Survey assesses life quality for adults with strabismus

Article

A 20-item questionnaire is expected to be useful for evaluating the health-related quality of life of adults with strabismus and practical application in a clinical setting. The patient-derived questionnaire assesses both psychosocial and functional aspects of strabismus.

Key Points

"Strabismus can affect both social and emotional functioning in adults, and strabismus management often aims to address these and other effects of strabismus on quality of life," said Hatt, a research orthoptist, Department of Ophthalmology, Mayo Clinic College of Medicine, Rochester, MN. "Yet, formal assessment of the quality of life aspect of strabismus in adults is rarely performed in the clinical setting. So we aim to develop and validate a health-related QOL questionnaire for adults with strabismus."

The team developing the questionnaire had several objectives in mind, Hatt said.

The process began with interviews of adults with strabismus to derive specific concerns regarding quality of life. Each concern identified was converted into a question. The individual interviews with 30 patients resulted in 181 questions. Next, the team asked 29 patients to complete the preliminary 181-item questionnaire as a first step toward reducing it to a more manageable number of core questions.

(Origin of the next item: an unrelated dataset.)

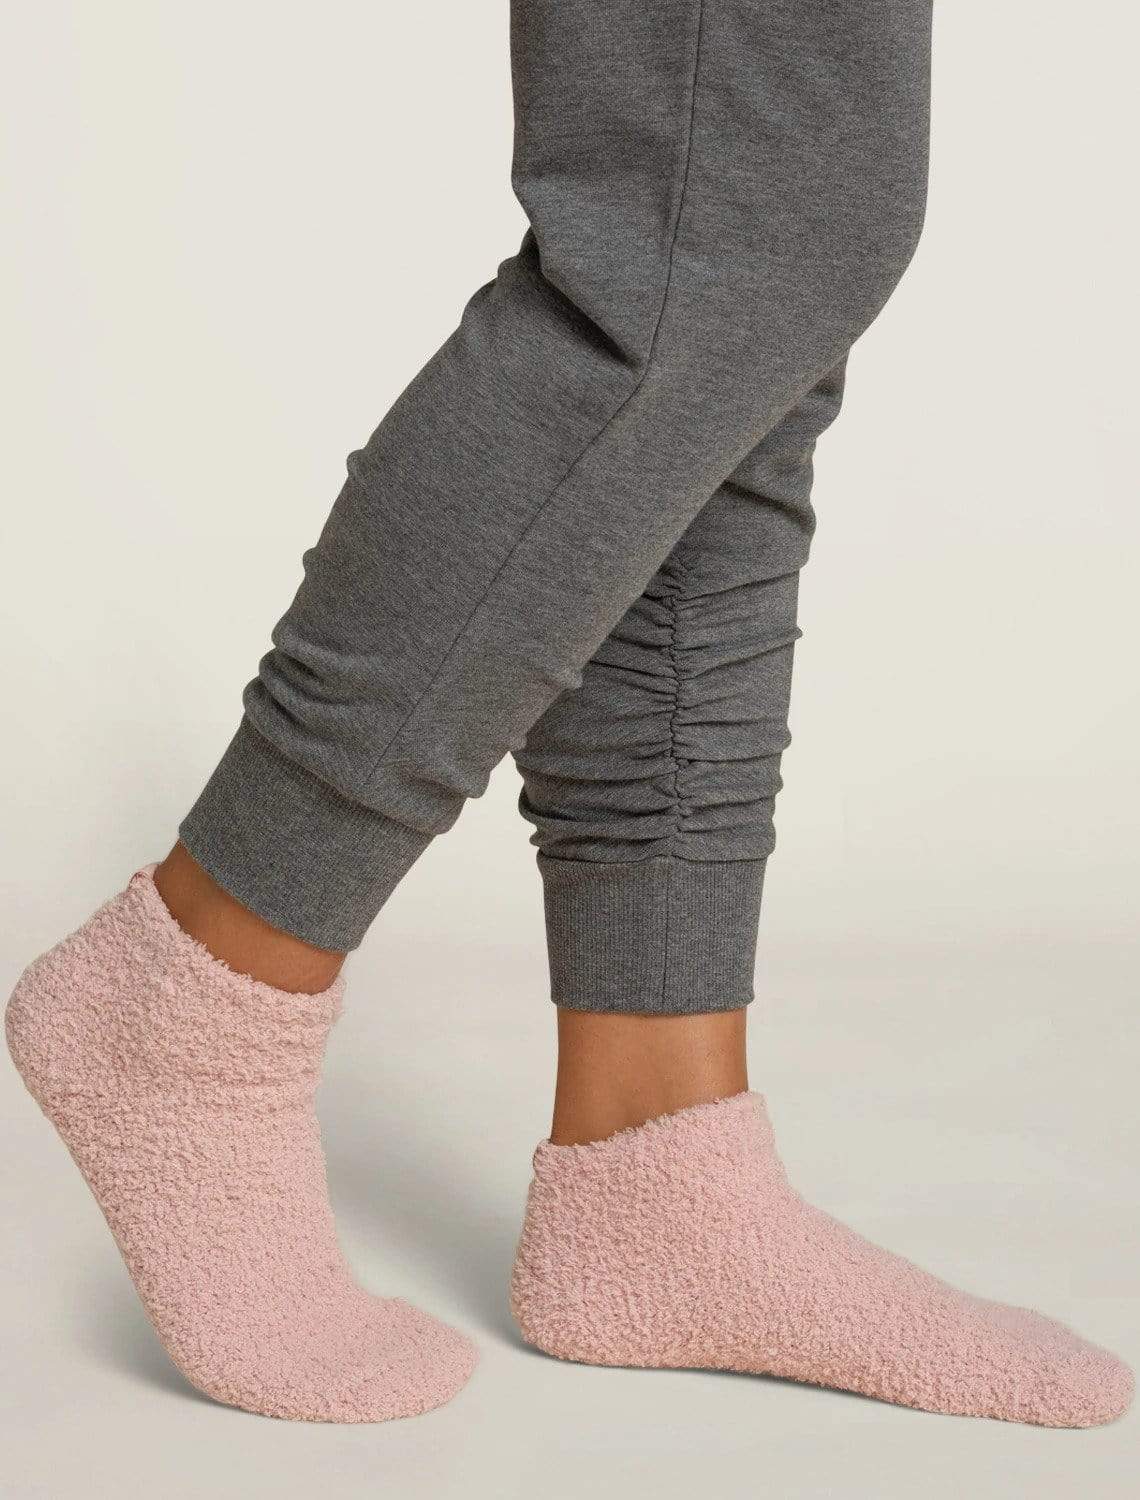 leela & lavender - The perfect go-to gift🤍 Barefoot Dreams socks! Shop now  —>> these will go fast! . .  barefoot-dreams-cozychic-in-the-wild-sock-set?_pos=7&_sid=538046f9b&_ss=r

A study on the first phase of development of the questionnaire was published in November 2007 in the American Journal of Ophthalmology.

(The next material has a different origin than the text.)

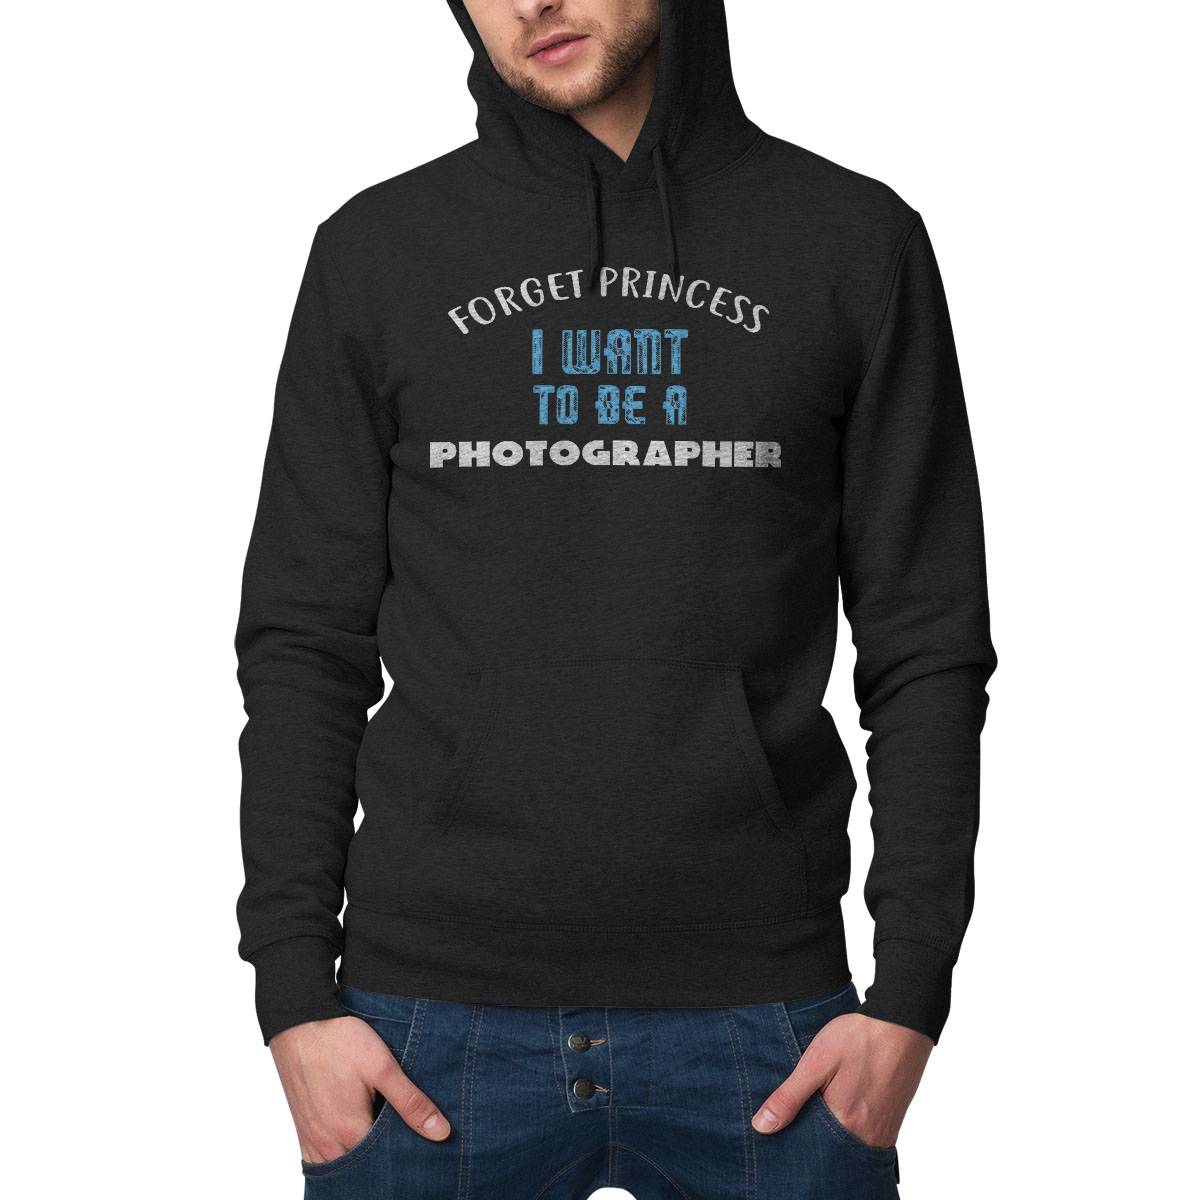 Forget Princess I Want To Be A Photographer T-Shirt

The 29 patients were asked to rate each question as never, rarely, sometimes, often, always, or not applicable. Item reduction criteria then were applied, such as identifying questions to which more than 10% of the responses were "not applicable." These questions were deleted. The reviewers also removed questions to which more than 80% of the responses were "rarely" or "never"-indicating that quality of life in those areas was good.

Patients also were invited to comment on the wording and clarity of the questions, and any item that had one or more negative comments was excluded. Any question that would become inapplicable after intervention also was removed, as were any that might seem discriminatory in terms of socioeconomic status, education, or cultural background. Lastly, any questions that were more descriptive of symptoms than quality of life were removed, resulting in a reduction from 181 to 49 items.

To assess the validity of the AS-20, researchers asked adults with strabismus (n = 32), subjects with normal vision (n = 13), and subjects with other eye diseases (n = 18) to complete the questionnaire. The team calculated a mean score for each participant, an overall score for all 20 items, and a score for each subscale. The range was from 0 (the worst quality of life) to 100 (the best quality of life). The median, overall, and subscale scores were compared for each of the three subject groups.

In the strabismus group, 22 patients had diplopia, whereas 10 did not. The group included patients with a wide range of diagnoses, such as incomitant and concomitant forms of strabismus. The median age was 46.5 years.